Presentation: Gas Chromatography

Gas chromatography (GC) is a powerful analytical method for separating and identifying volatile compounds in a sample. It is based on the principle of distribution and separation of compounds between a stationary phase (usually a coated capillary column) and an inert mobile gas (carrier gas) that transports the sample through the column.

The gas chromatographic process begins with the injection of the sample into the GC system, typically through an injection needle or an autosampler system or, in our case, through a pyrolysis oven. The vaporizable components of the sample evaporate in the injector and are transported to the column by the carrier gas.

As the compounds move through the column, they interact with the stationary phase. These interactions depend on the physico-chemical properties of the compounds as well as the composition and nature of the stationary phase. The separation of compounds is therefore based on their chemical properties such as polarity, molecular size and interaction with the column. The boiling points (or vapour pressures) of the individual compounds also play an important role in the separation of a sample mixture, so that the separation of the individual compounds can be optimized by a temperature program of the heated GC column oven that is specially adapted to the compounds.

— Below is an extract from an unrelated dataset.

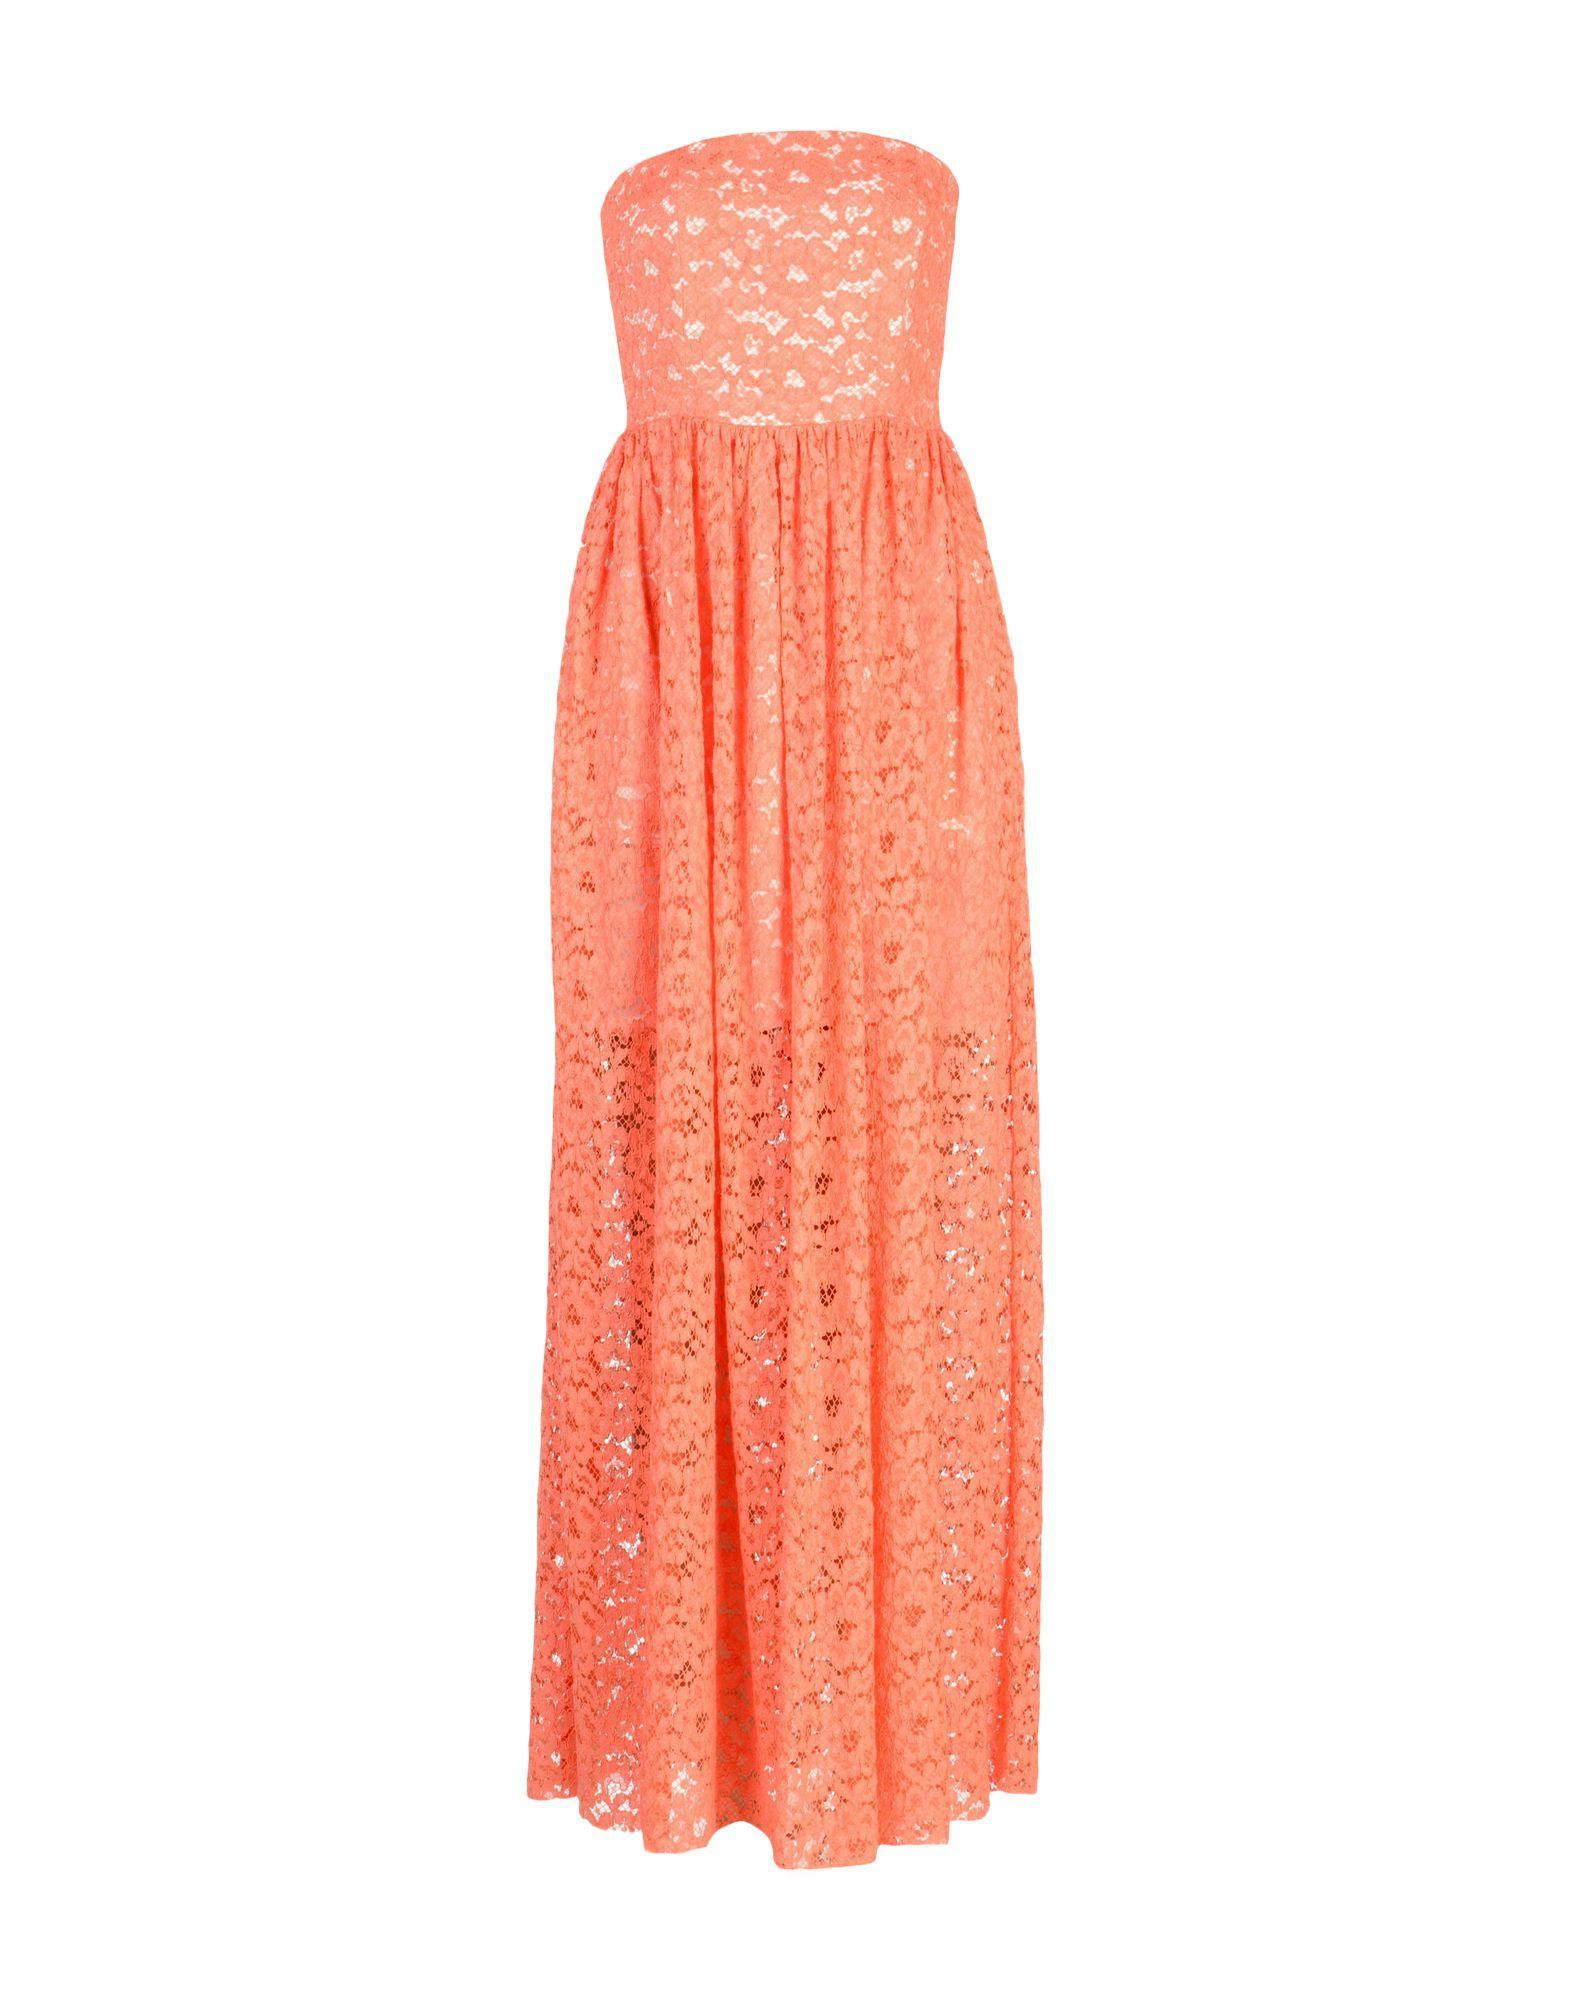 MSGM Salmon Pink Lace Full Length Strapless Dress

The separated compounds finally reach the detector one after the other, which registers their presence and generates a chromatographic signal. Depending on the analysis task, different types of detectors are used in GC. Each detector has its own strengths and applications. The coupling of GC with mass spectrometry (GC/MS) enables the detection of very small amounts of substances and the determination of the structure of the compound using characteristic mass spectra. The most widely used detector in GC is the flame ionization detector (FID), which is ideal for detecting organic compounds. The thermal conductivity detector (WLD/TCD) is used in particular as a very sensitive detector in gas analysis.

The data generated by the detector is displayed in a chromatogram, which shows the intensity of the signal as a function of the retention time of the compounds. The compounds can be identified by comparing the retention times with known standards or reference databases or, in the case of GC/MS coupling, by characteristic mass spectra.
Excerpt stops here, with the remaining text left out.